■ **ABOUT THIS EXERCISE**: Would you retype exactly the lines below, starting with the one that has "Smartphone with route" and going on through the one that has "The New York", with no pictures and nothing else?

■ **THE INPUT**:
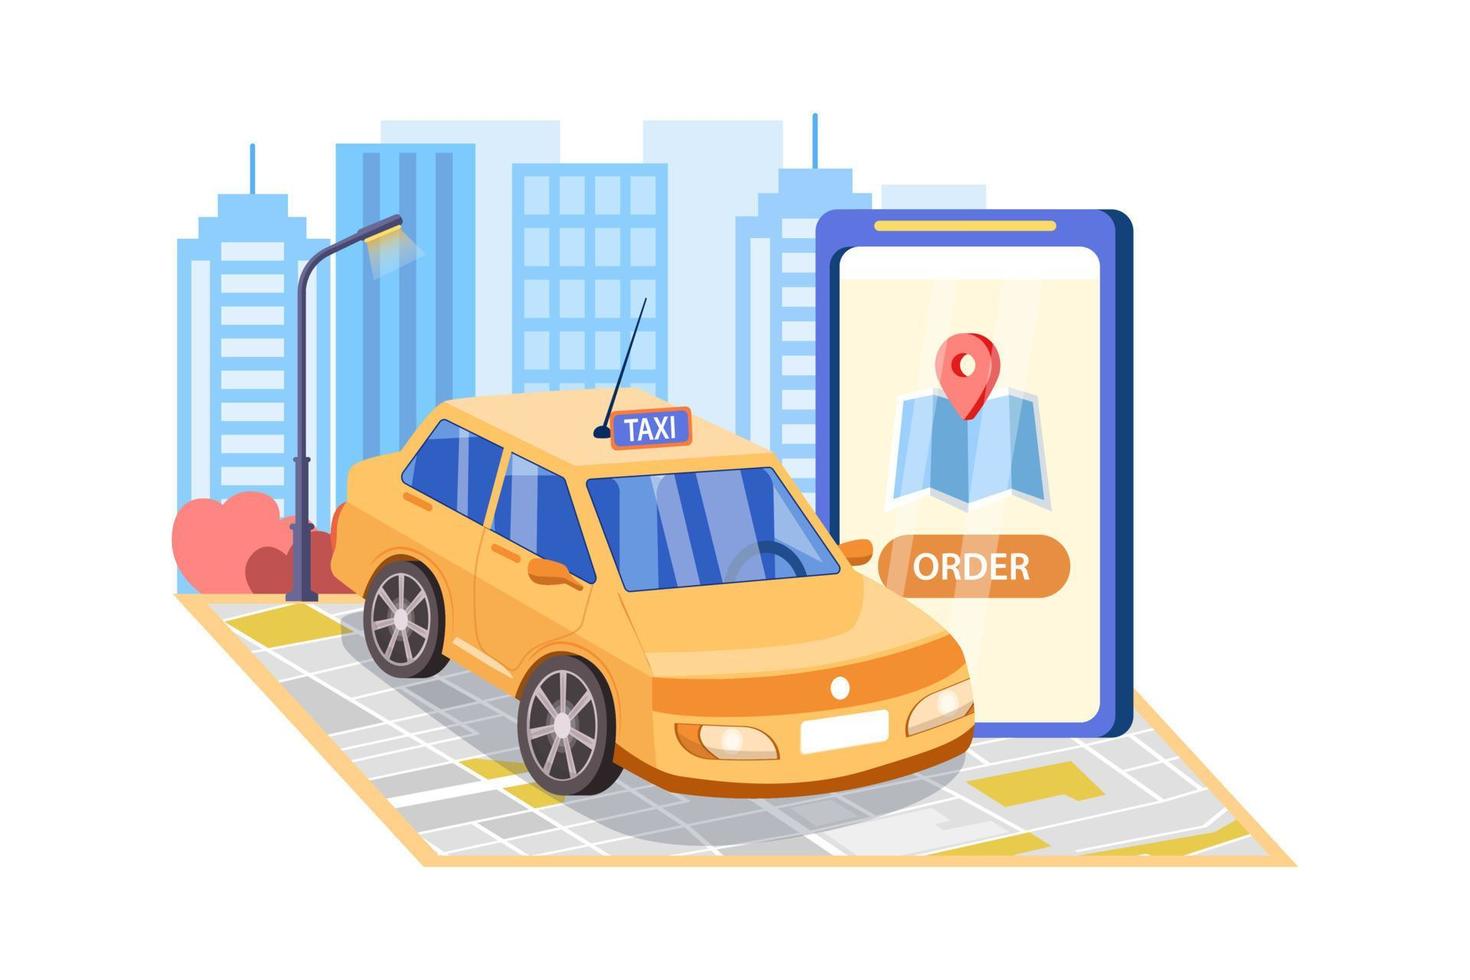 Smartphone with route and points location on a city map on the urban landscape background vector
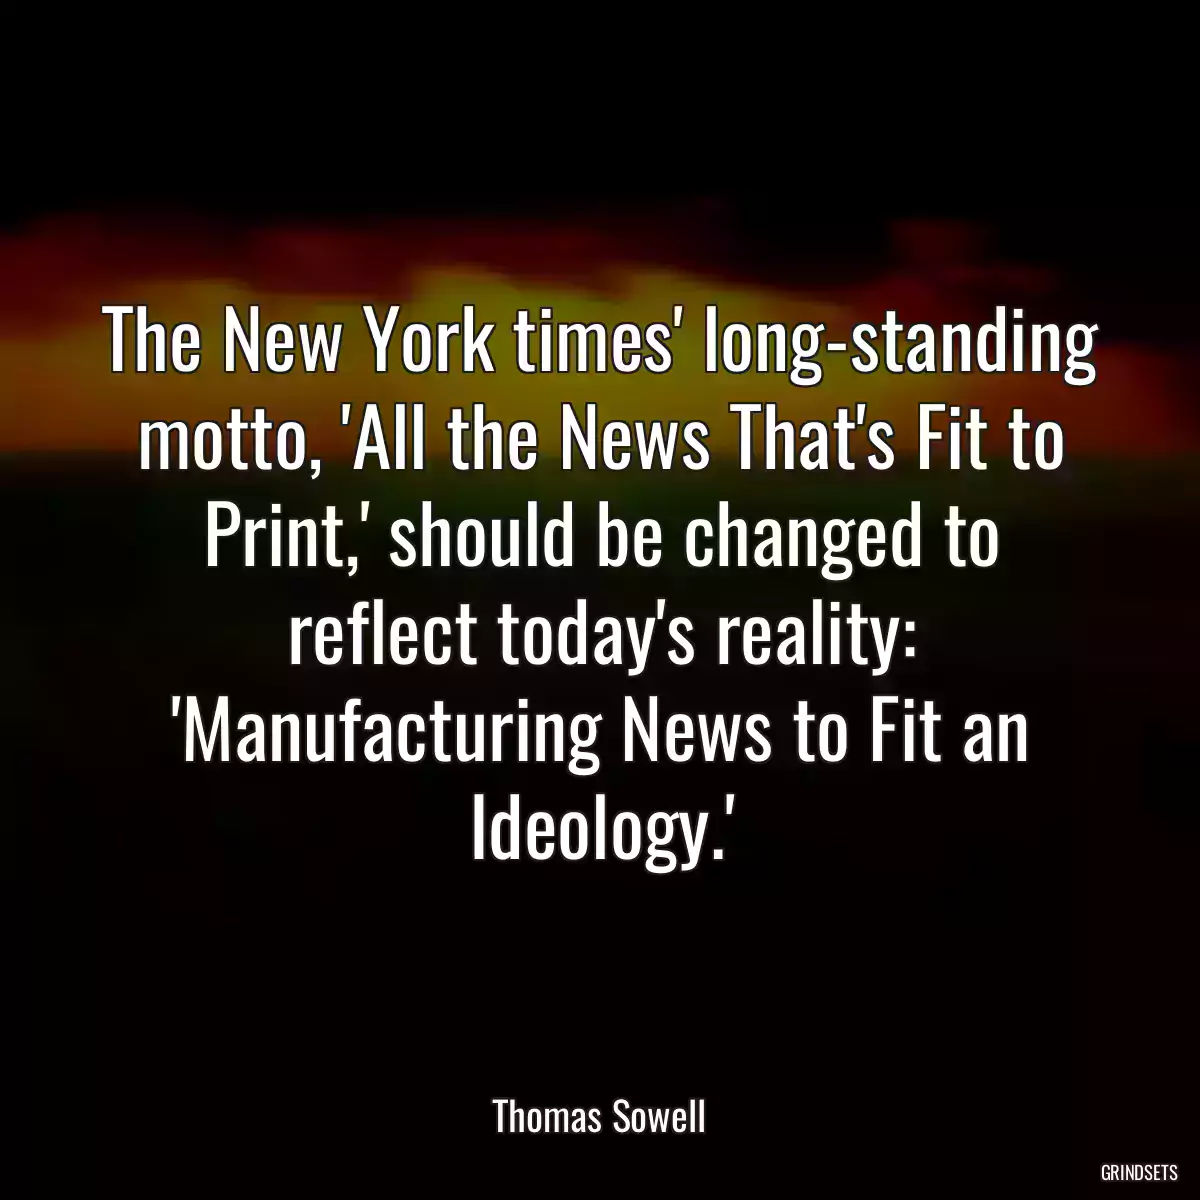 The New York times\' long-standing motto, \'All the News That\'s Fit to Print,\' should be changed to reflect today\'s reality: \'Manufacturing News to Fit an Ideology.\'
---
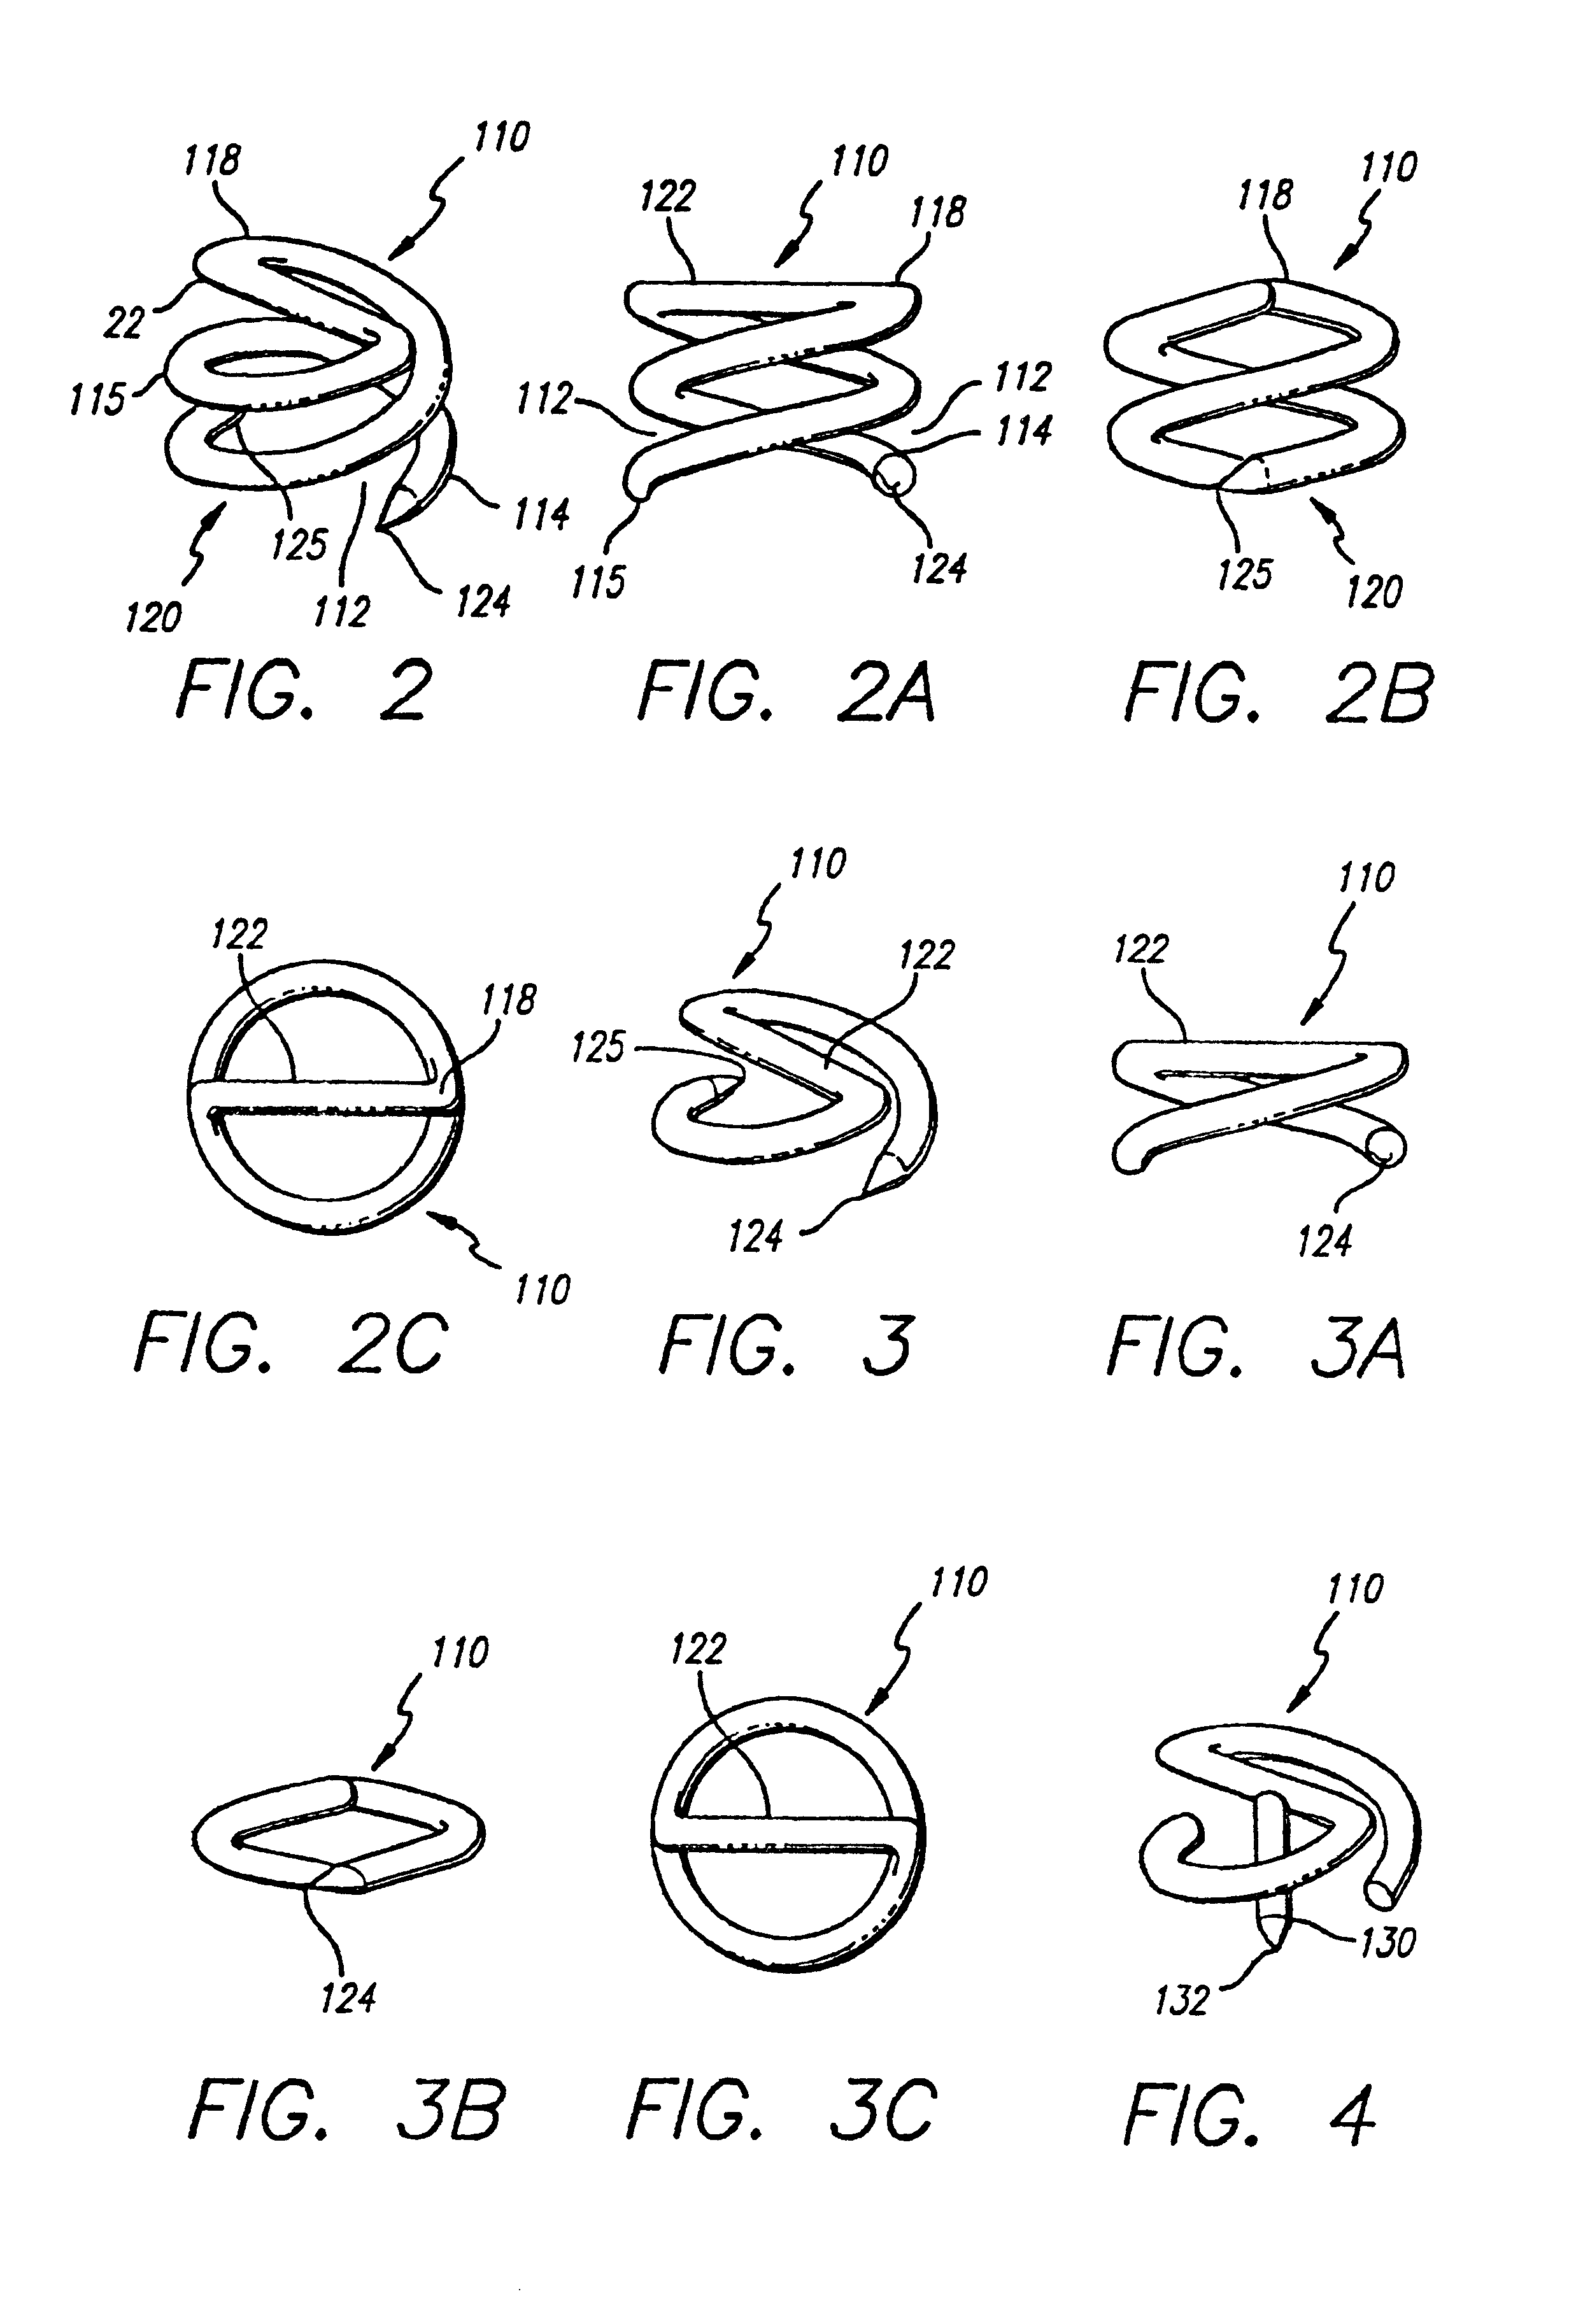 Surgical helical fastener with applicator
* * *
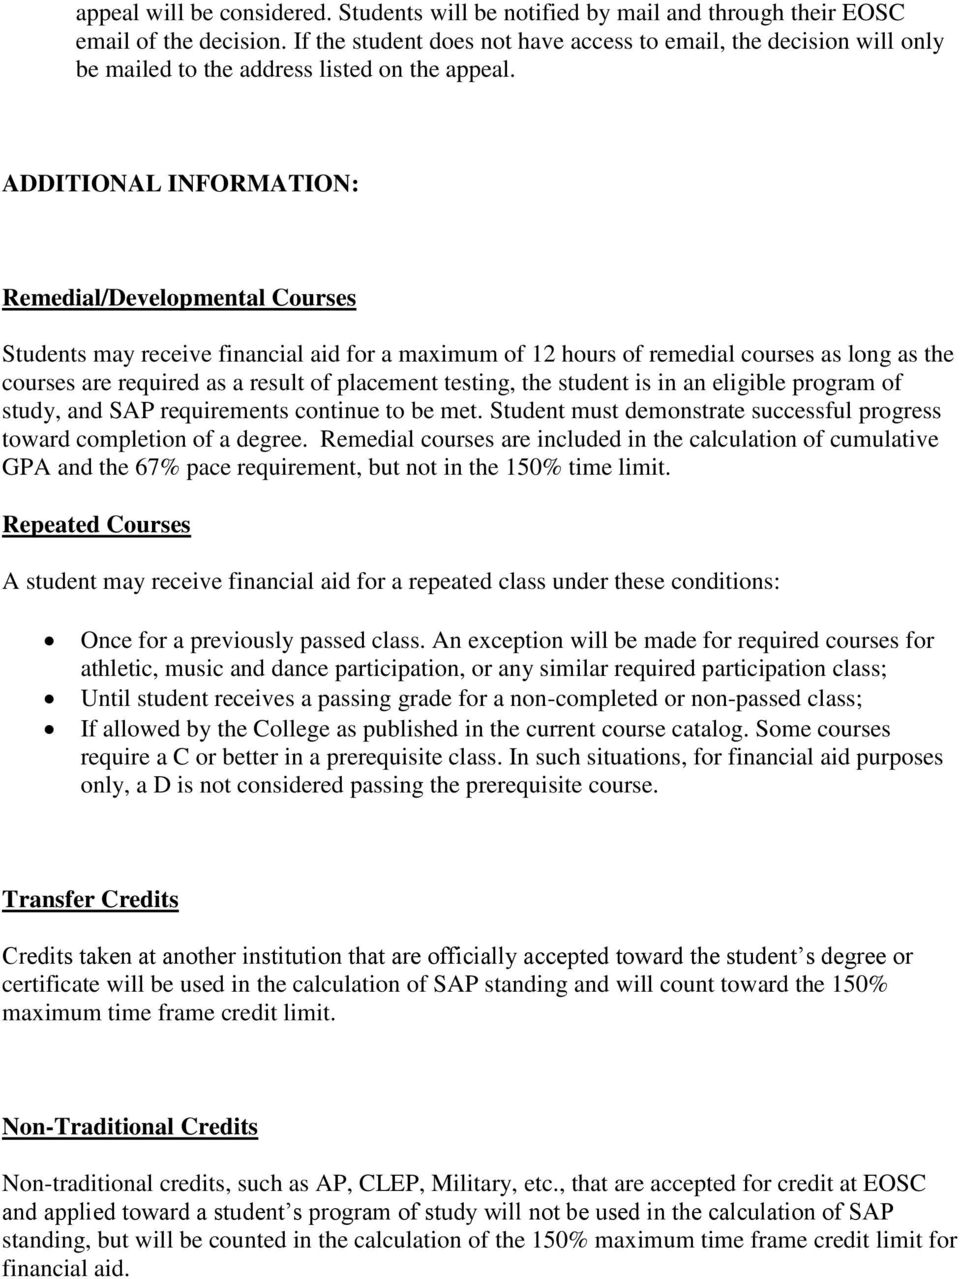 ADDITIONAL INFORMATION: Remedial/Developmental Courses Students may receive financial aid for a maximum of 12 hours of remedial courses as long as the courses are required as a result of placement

■ **SOLUTION**:
 Smartphone with route and points location on a city map on the urban landscape background vector
 The New York times\' long-standing motto, \'All the News That\'s Fit to Print,\' should be changed to reflect today\'s reality: \'Manufacturing News to Fit an Ideology.\'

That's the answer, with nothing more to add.